DATA START

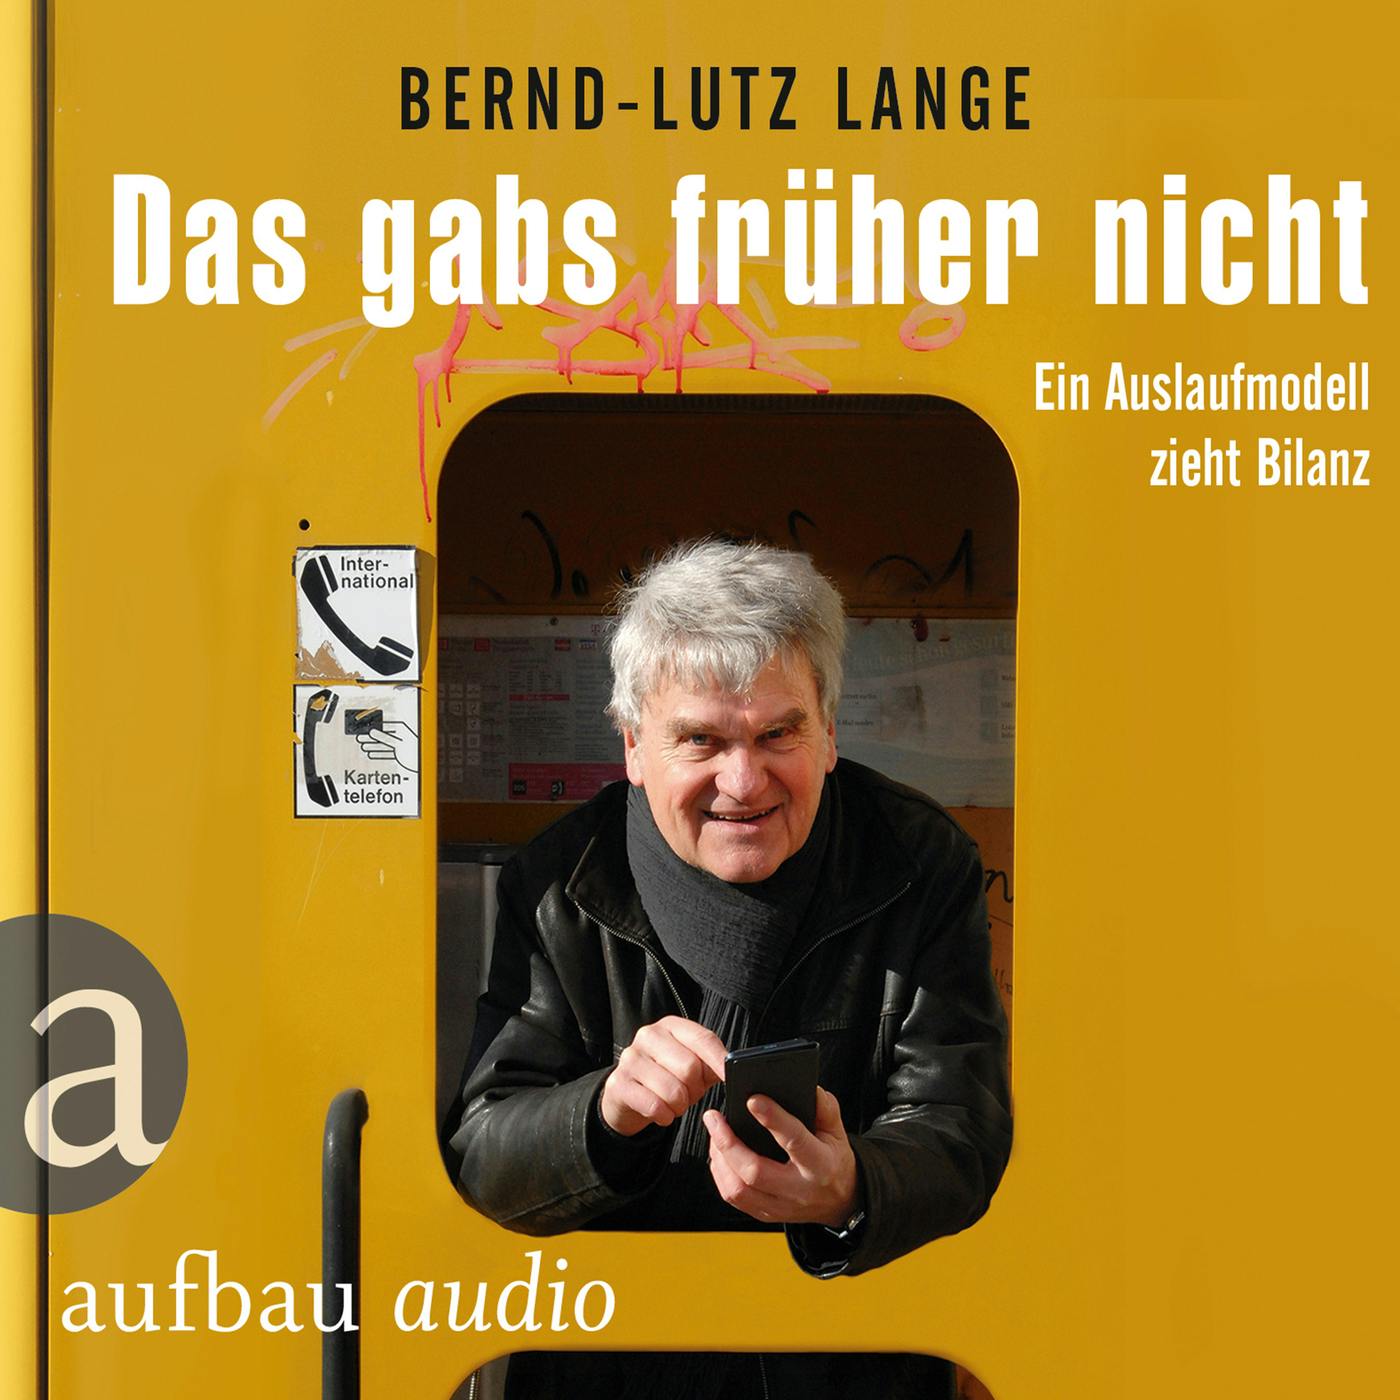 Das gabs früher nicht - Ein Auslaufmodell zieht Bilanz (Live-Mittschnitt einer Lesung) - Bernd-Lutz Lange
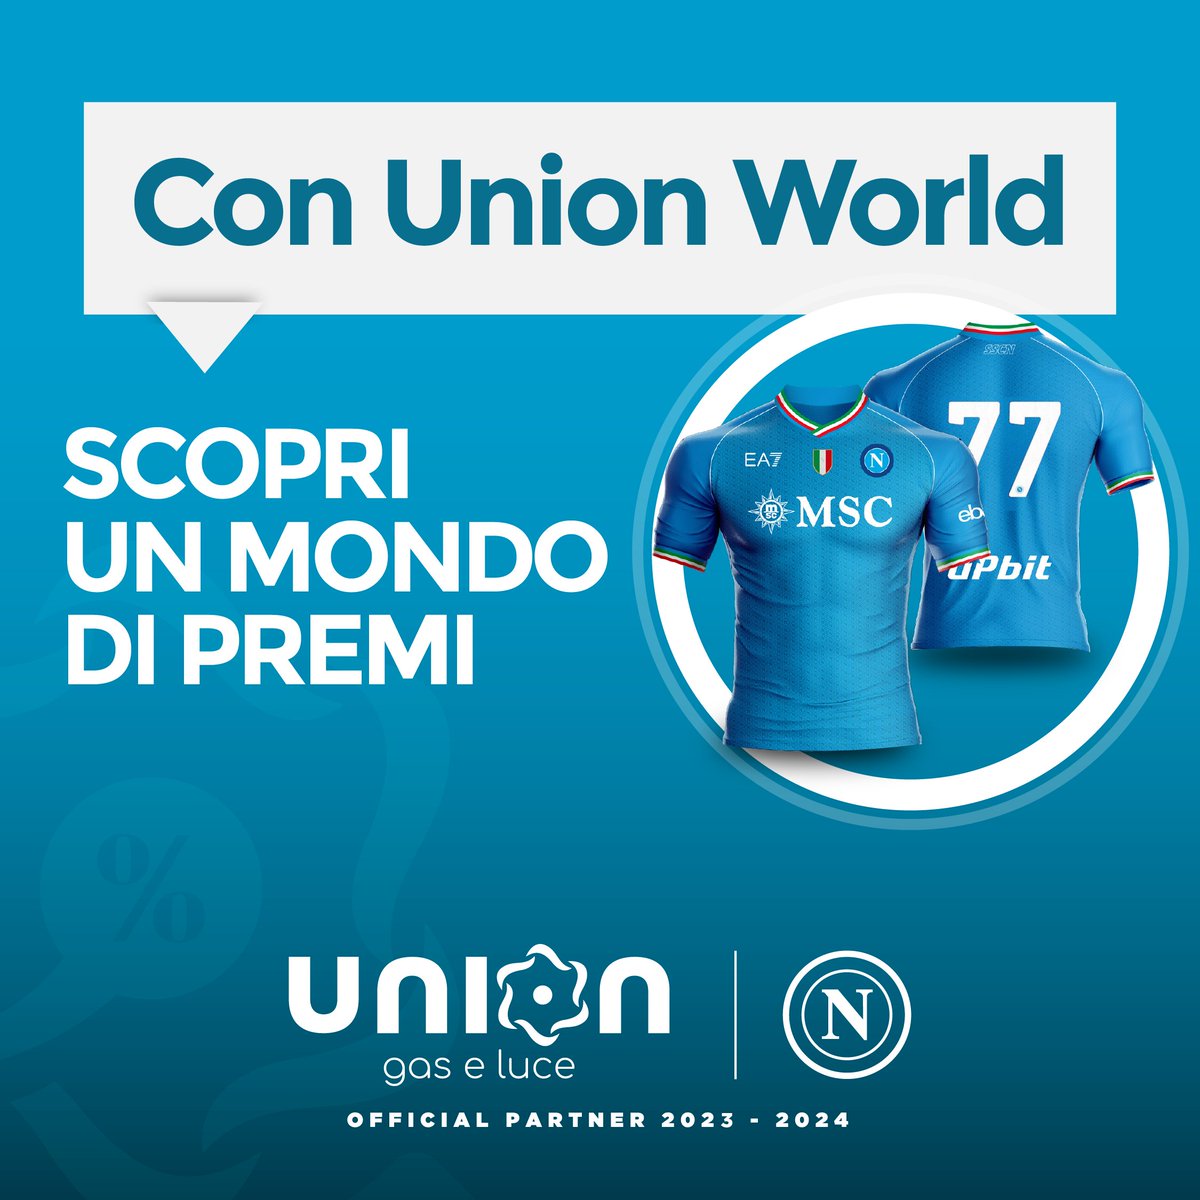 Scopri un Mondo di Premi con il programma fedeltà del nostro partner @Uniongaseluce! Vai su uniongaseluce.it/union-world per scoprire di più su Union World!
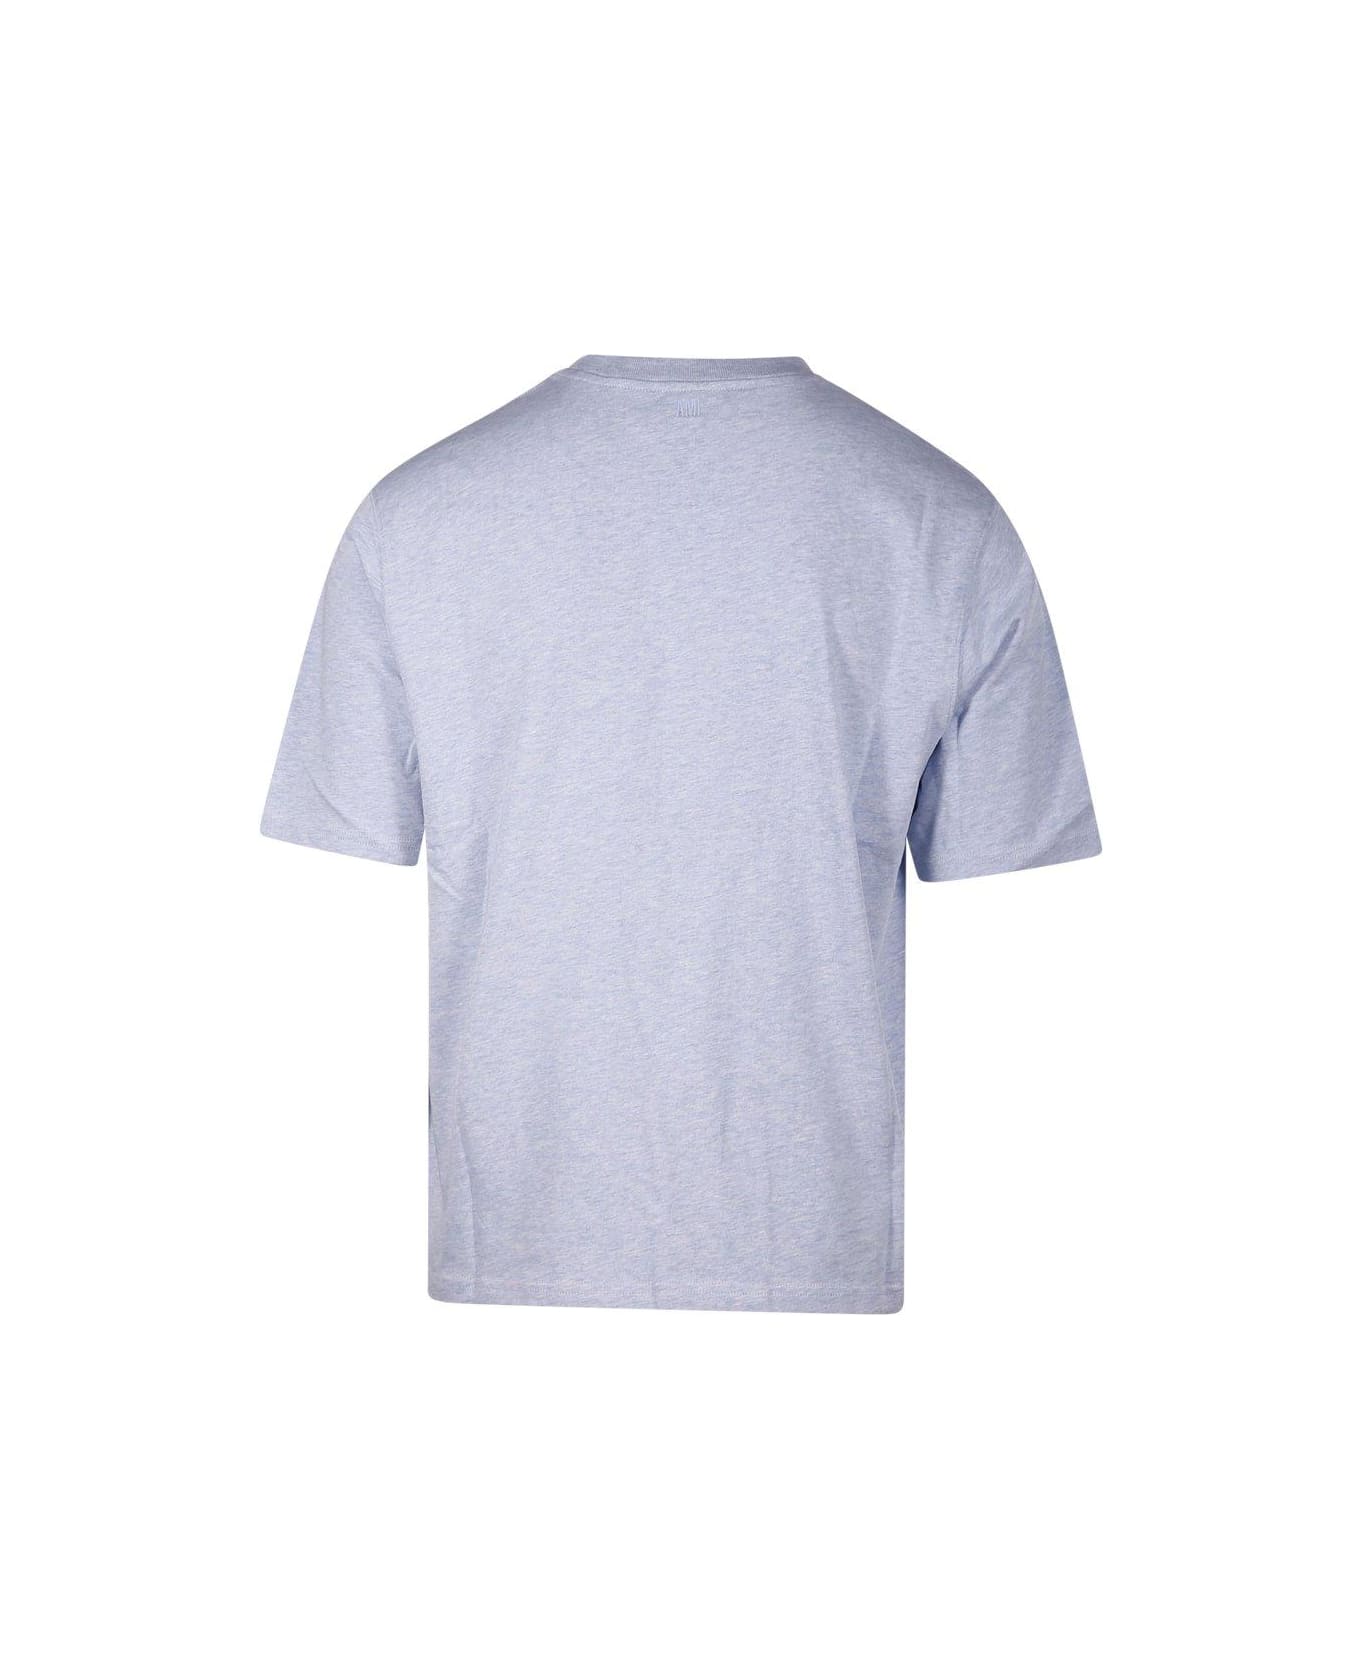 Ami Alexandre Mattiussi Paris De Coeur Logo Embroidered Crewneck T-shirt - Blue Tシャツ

DATA END

Copy verbatim the span that opens at the line with "Scopri un Mondo" and closes at the final line of the listing. Do not carry over any pictures.

> [SOLUTION TO THIS PROBLEM]
 Scopri un Mondo di Premi con il programma fedeltà del nostro partner @Uniongaseluce! Vai su uniongaseluce.it/union-world per scoprire di più su Union World!
 Ami Alexandre Mattiussi Paris De Coeur Logo Embroidered Crewneck T-shirt - Blue Tシャツ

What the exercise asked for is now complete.